While it is tempting to either try to time, or to hedge, currency exposures, investors would be well served to look over the long term and recognize that currency hedging in risk asset portfolios is ill advised.

3

The Land of the Rising Sun.

Fumio Kishida, Japan’s new prime minister, announced the details around the highly anticipated fiscal stimulus plans aimed at re-energizing the moribund economy. The $490B plan — the country’s largest to date and representing a full 10% of GDP — takes a page out of the U.S. playbook, with direct payments to households as well as support to businesses. The direct payments to households has proved a bit controversial: The plan affords one-time cash payments of nearly $900 per child under the age of 18 with some income limits, and the question is whether that is effective in a society with a high propensity to save and an aging population. This package will be financed by issuing debt in a country where debt-to-GDP is already >250%. This plan has been approved by the cabinet and now will proceed to a parliamentary vote. Japan, the world’s third largest economy, was already stumbling pre-pandemic, and the pandemic-related mitigation measures have exacerbated the strains, with GDP shrinking at a 3% annualized rate in Q3. For investors, Japan represents over 20% of the ACWI ex-U.S. index.

4

China Update.

We recently lowered our growth expectation from “surprise” to “disappoints” for China and remain underwhelmed by the policy response to what is clearly an economic slowdown. Our expectation, looking at the past as precedent, was that we would see a meaningful fiscal and monetary response designed to offset the growth headwinds that have emerged. So far, the response has yet to materialize. The economic headwinds are largely self-inflicted: regulatory crackdowns on various industries and in particular to the property sector, where the Evergrande situation has emerged as the poster child for an industry that desperately needs more oversight. The property sector in China is extremely important in several ways, but particularly as it pertains to economic growth and household confidence. It is estimated that real estate accounts for up to 25% of GDP and represents 2/3 of household wealth. As we think through this issue, the risk case has been a disorderly unwind of the highly leveraged sector; however, that risk has dissipated over the past week as authorities have worked to ring-fence the financial damage and prevent contagion.
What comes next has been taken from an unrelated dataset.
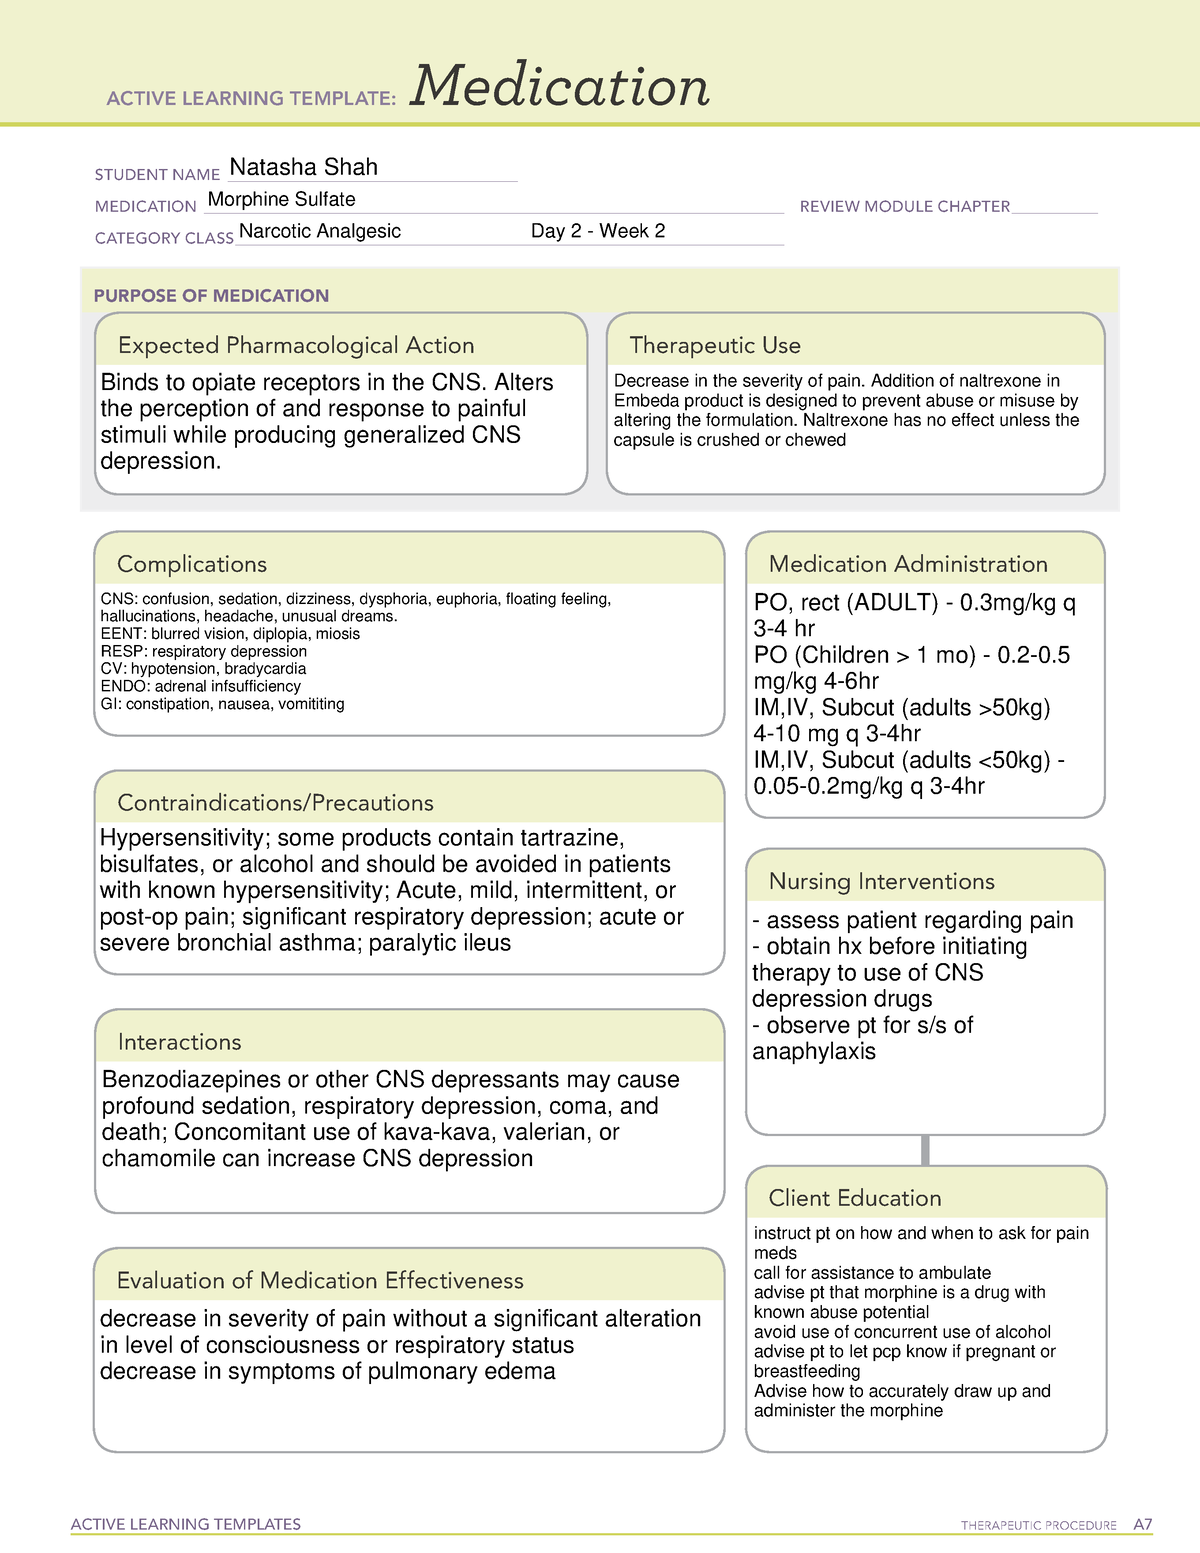 active-learning-template-medication-morphine-active-learning-templates-therapeutic

While the risk case has a lower probability, the base case of weaker growth has become stronger — meaning, the premise that growth disappoints to the downside as strong export activity is not enough to fully offset the property sector growth headwinds. For investors, however, it is important to recognize that we buy companies and not countries.

5

U.S. Fiscal Update.

The House passed the nearly $2T “Build Back Better” infrastructure plan after the Congressional Budget Office (CBO) released the cost analysis that several centrist congressional Democrats were awaiting. According to the CBO, the plan will increase the deficit by more than $367B over 10 years, a figure some question given it does not consider any potential revenue from stricter IRS enforcement, which some estimate to top $200B. Now the bill will head to a complex process in the Senate, where we anticipate revisions will be needed to shore up Democrat support, particularly from Senators Joe Manchin and Kyrsten Sinema. While Senator Sinema may vote “yes,” Senator Manchin is still signaling skepticism and a desire to hit the pause button, particularly given his focus on inflation (running high) and the deficit (expected to grow under this bill). At this point, and looking at the various components of the bill as written, we are not adjusting our growth outlook. Although this certainly represents fiscal stimulus, the timing of the economic impact and the multiplier effect are wild cards.